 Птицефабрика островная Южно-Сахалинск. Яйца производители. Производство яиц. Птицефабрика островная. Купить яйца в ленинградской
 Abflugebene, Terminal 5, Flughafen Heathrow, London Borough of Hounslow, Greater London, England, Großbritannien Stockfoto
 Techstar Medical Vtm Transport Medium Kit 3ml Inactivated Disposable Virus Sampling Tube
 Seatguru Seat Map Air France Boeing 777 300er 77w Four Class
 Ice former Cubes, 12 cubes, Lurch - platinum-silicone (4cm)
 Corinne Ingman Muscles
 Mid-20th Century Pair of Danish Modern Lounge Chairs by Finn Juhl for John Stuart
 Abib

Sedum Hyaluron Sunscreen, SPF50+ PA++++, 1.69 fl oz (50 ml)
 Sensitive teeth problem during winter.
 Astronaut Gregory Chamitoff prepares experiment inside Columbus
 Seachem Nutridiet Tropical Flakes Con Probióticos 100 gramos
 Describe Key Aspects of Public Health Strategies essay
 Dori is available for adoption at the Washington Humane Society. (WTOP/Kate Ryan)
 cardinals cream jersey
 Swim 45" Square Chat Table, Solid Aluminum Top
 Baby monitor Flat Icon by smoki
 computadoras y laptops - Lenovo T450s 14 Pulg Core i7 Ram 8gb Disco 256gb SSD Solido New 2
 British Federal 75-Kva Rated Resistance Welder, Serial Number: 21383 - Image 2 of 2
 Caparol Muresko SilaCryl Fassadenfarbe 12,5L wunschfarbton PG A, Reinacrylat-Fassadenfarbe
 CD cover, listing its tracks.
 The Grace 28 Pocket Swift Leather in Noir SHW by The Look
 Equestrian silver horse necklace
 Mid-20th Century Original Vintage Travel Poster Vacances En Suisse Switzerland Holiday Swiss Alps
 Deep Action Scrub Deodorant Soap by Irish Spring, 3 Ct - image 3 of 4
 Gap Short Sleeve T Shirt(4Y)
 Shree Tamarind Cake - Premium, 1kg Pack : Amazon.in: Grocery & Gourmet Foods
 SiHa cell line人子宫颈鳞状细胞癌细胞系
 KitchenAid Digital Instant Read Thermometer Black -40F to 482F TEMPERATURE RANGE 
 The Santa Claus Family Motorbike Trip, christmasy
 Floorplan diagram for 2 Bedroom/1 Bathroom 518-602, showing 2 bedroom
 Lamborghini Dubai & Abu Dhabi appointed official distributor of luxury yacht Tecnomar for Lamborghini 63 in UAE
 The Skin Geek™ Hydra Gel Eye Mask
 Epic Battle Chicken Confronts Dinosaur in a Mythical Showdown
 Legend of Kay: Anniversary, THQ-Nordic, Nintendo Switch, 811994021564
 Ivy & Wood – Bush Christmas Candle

• • • • •

### Brief
Each of the records above is to be copied exactly.

### Result of the exercise
 Птицефабрика островная Южно-Сахалинск. Яйца производители. Производство яиц. Птицефабрика островная. Купить яйца в ленинградской
 Abflugebene, Terminal 5, Flughafen Heathrow, London Borough of Hounslow, Greater London, England, Großbritannien Stockfoto
 Techstar Medical Vtm Transport Medium Kit 3ml Inactivated Disposable Virus Sampling Tube
 Seatguru Seat Map Air France Boeing 777 300er 77w Four Class
 Ice former Cubes, 12 cubes, Lurch - platinum-silicone (4cm)
 Corinne Ingman Muscles
 Mid-20th Century Pair of Danish Modern Lounge Chairs by Finn Juhl for John Stuart
 Abib

Sedum Hyaluron Sunscreen, SPF50+ PA++++, 1.69 fl oz (50 ml)
 Sensitive teeth problem during winter.
 Astronaut Gregory Chamitoff prepares experiment inside Columbus
 Seachem Nutridiet Tropical Flakes Con Probióticos 100 gramos
 Describe Key Aspects of Public Health Strategies essay
 Dori is available for adoption at the Washington Humane Society. (WTOP/Kate Ryan)
 cardinals cream jersey
 Swim 45" Square Chat Table, Solid Aluminum Top
 Baby monitor Flat Icon by smoki
 computadoras y laptops - Lenovo T450s 14 Pulg Core i7 Ram 8gb Disco 256gb SSD Solido New 2
 British Federal 75-Kva Rated Resistance Welder, Serial Number: 21383 - Image 2 of 2
 Caparol Muresko SilaCryl Fassadenfarbe 12,5L wunschfarbton PG A, Reinacrylat-Fassadenfarbe
 CD cover, listing its tracks.
 The Grace 28 Pocket Swift Leather in Noir SHW by The Look
 Equestrian silver horse necklace
 Mid-20th Century Original Vintage Travel Poster Vacances En Suisse Switzerland Holiday Swiss Alps
 Deep Action Scrub Deodorant Soap by Irish Spring, 3 Ct - image 3 of 4
 Gap Short Sleeve T Shirt(4Y)
 Shree Tamarind Cake - Premium, 1kg Pack : Amazon.in: Grocery & Gourmet Foods
 SiHa cell line人子宫颈鳞状细胞癌细胞系
 KitchenAid Digital Instant Read Thermometer Black -40F to 482F TEMPERATURE RANGE 
 The Santa Claus Family Motorbike Trip, christmasy
 Floorplan diagram for 2 Bedroom/1 Bathroom 518-602, showing 2 bedroom
 Lamborghini Dubai & Abu Dhabi appointed official distributor of luxury yacht Tecnomar for Lamborghini 63 in UAE
 The Skin Geek™ Hydra Gel Eye Mask
 Epic Battle Chicken Confronts Dinosaur in a Mythical Showdown
 Legend of Kay: Anniversary, THQ-Nordic, Nintendo Switch, 811994021564
 Ivy & Wood – Bush Christmas Candle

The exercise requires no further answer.